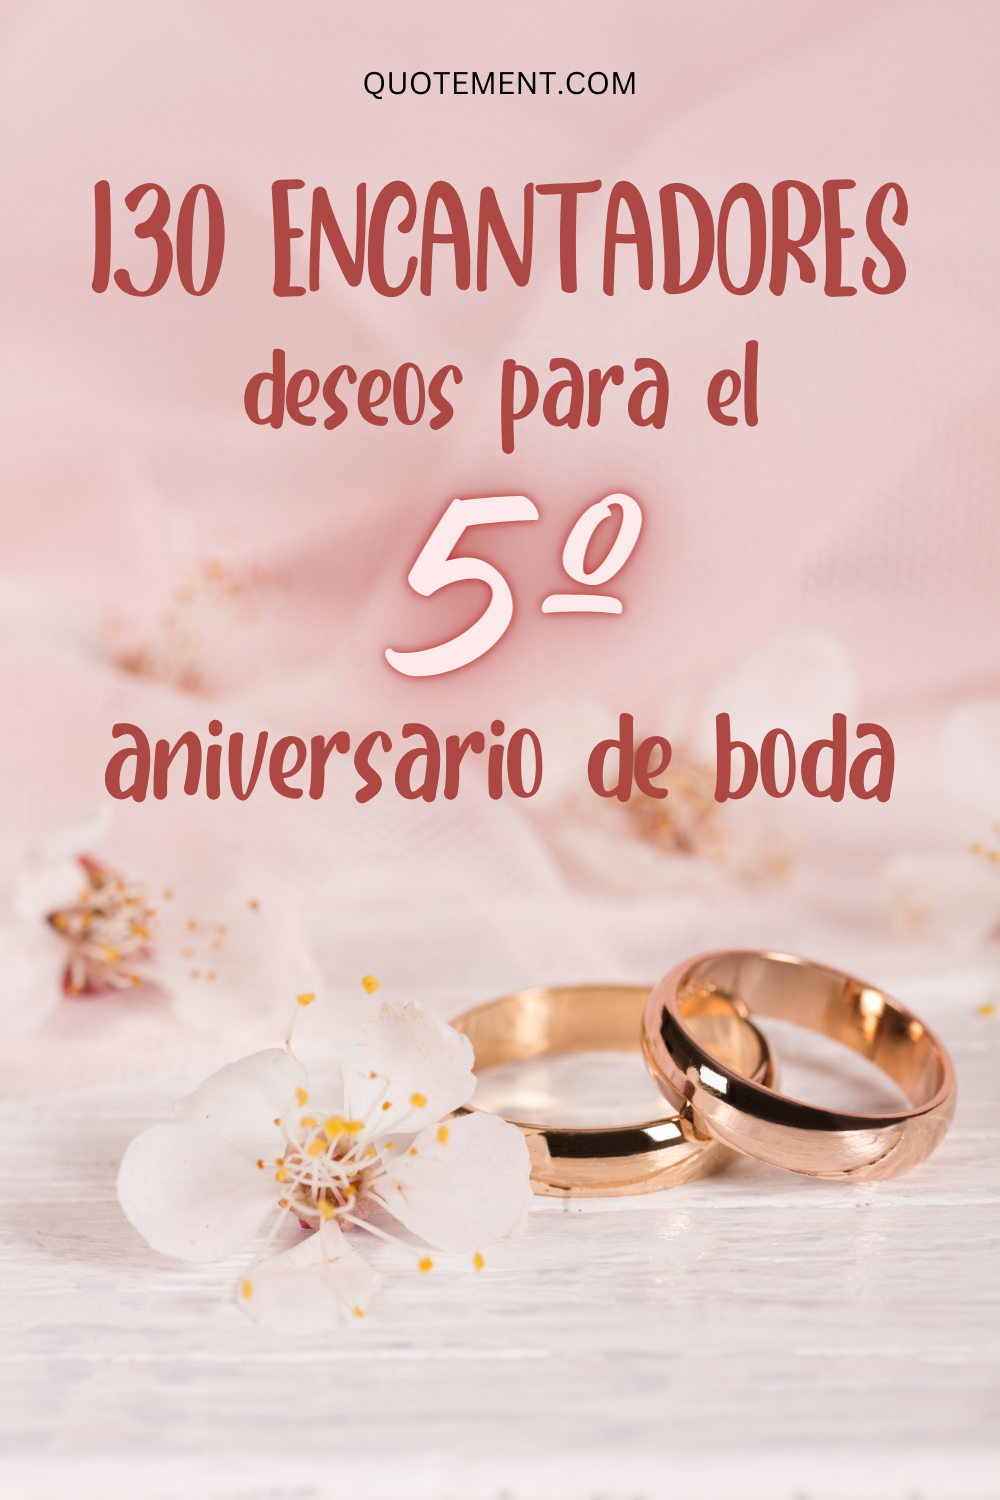 130 grandes deseos y citas para el 5º aniversario de boda
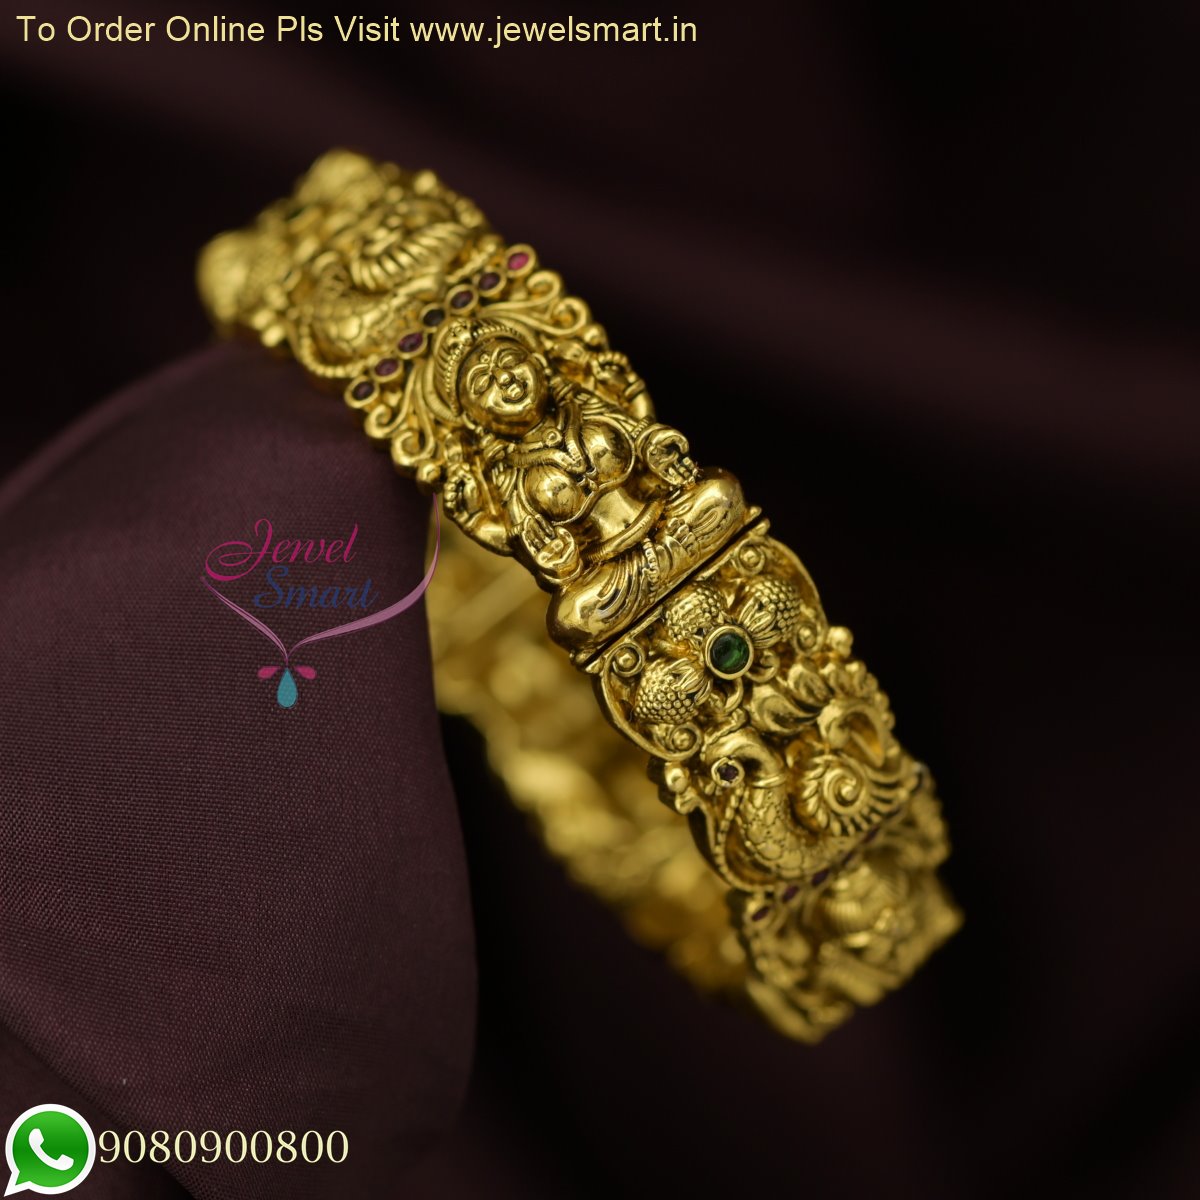 Traditional Gold Kada For Women by Niscka - Best Bracelets for Women
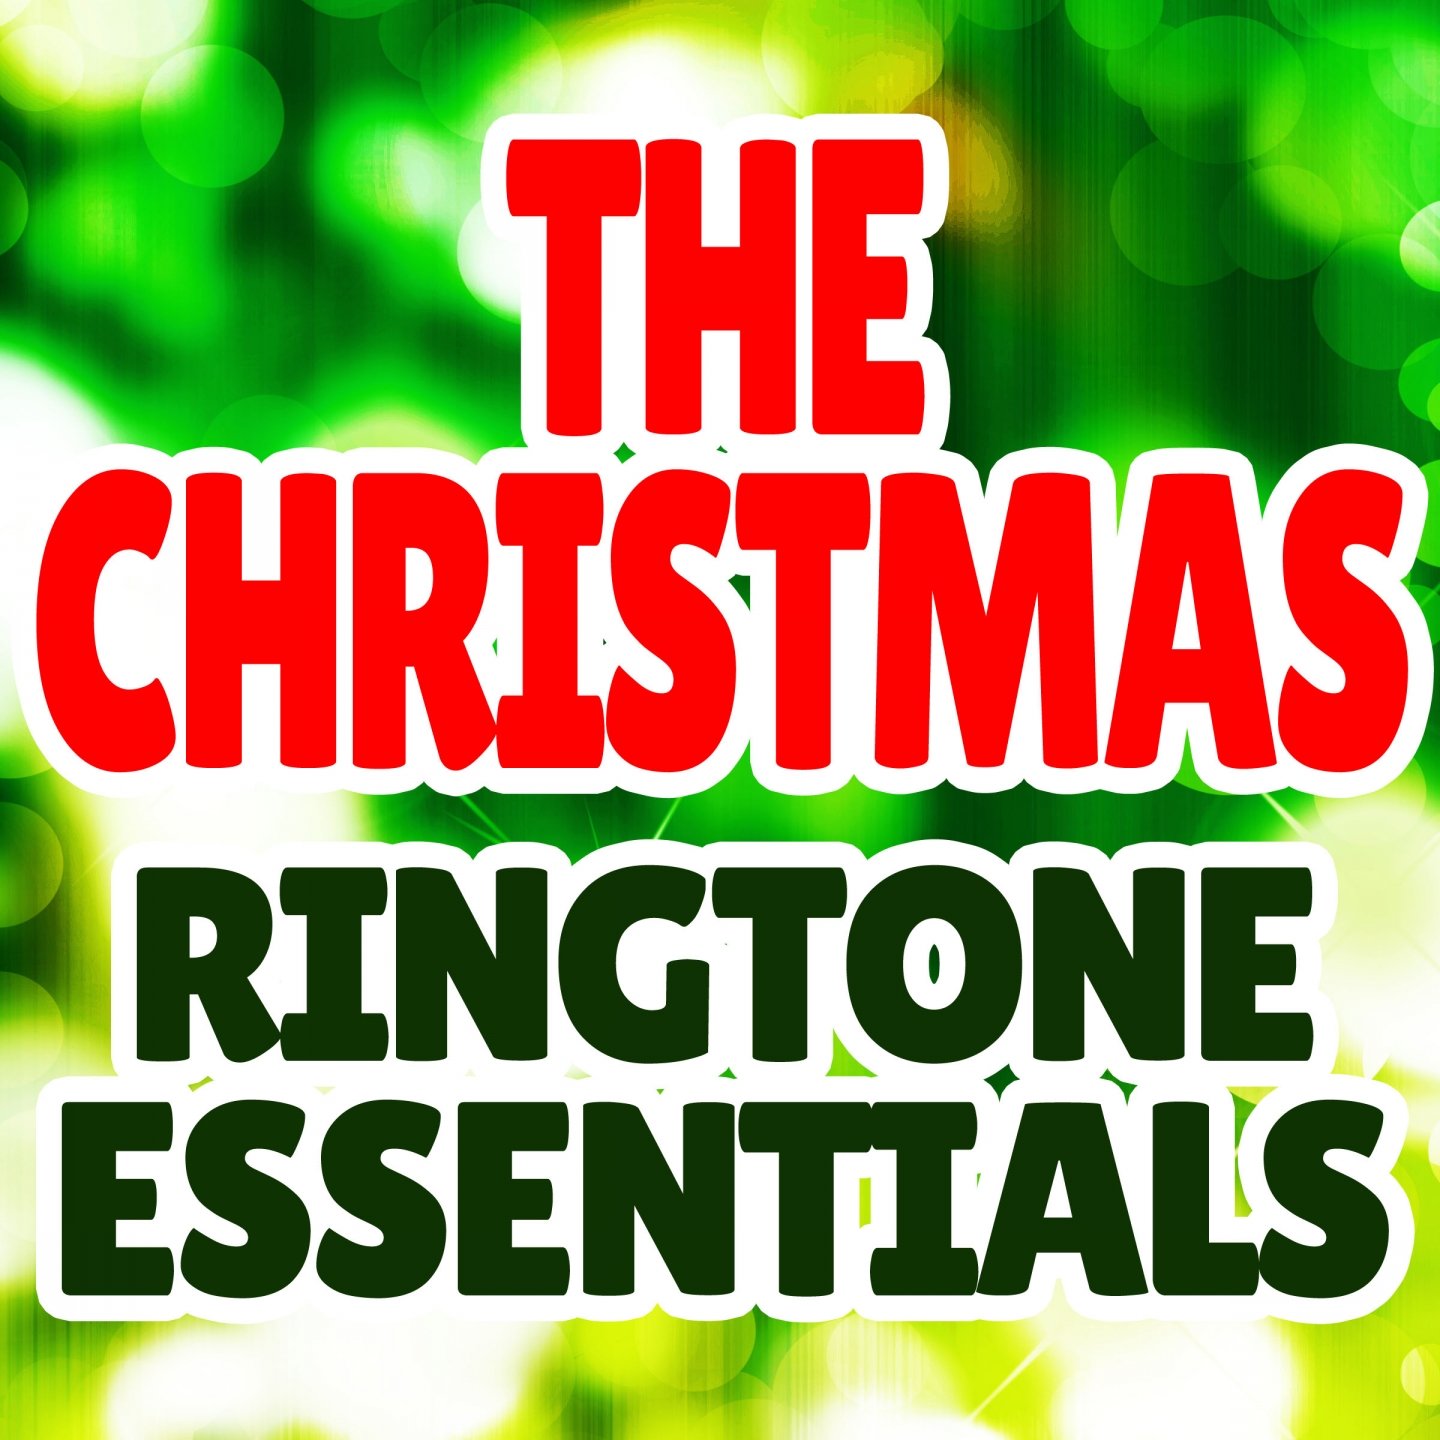 The Christmas Ringtone Essentials
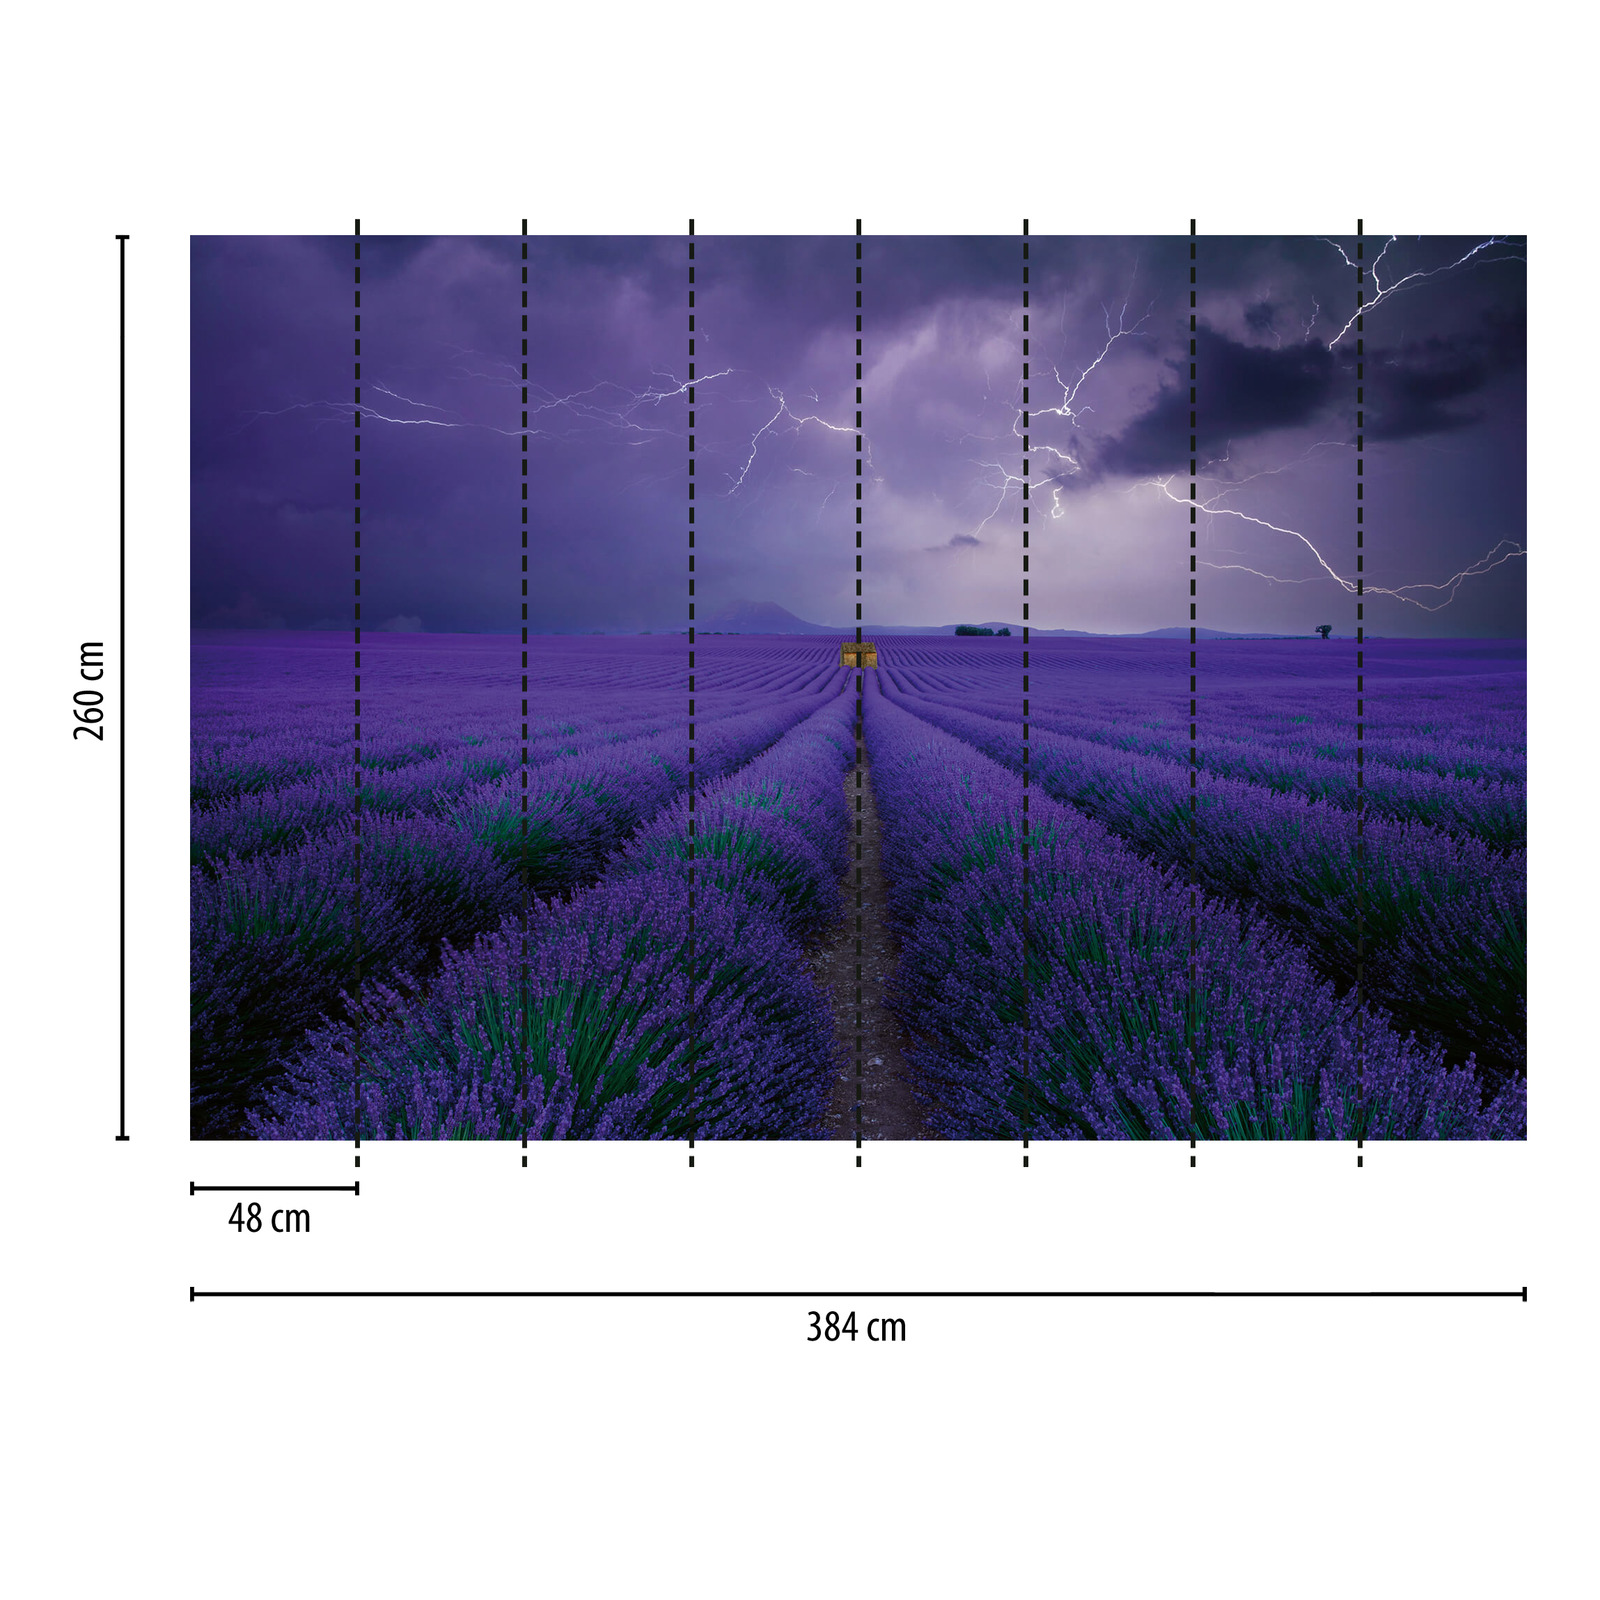             Fototapete Lavendel Feld – Violett, Grün, Braun
§ §
WORK TASK | A word-for-word copy of the listing is the goal; keep every picture out of it.

ANSWER |
 130 grandes deseos y citas para el 5º aniversario de boda
 Traditional Gold Kada For Women by Niscka - Best Bracelets for Women
 The Christmas Ringtone Essentials
             Fototapete Lavendel Feld – Violett, Grün, Braun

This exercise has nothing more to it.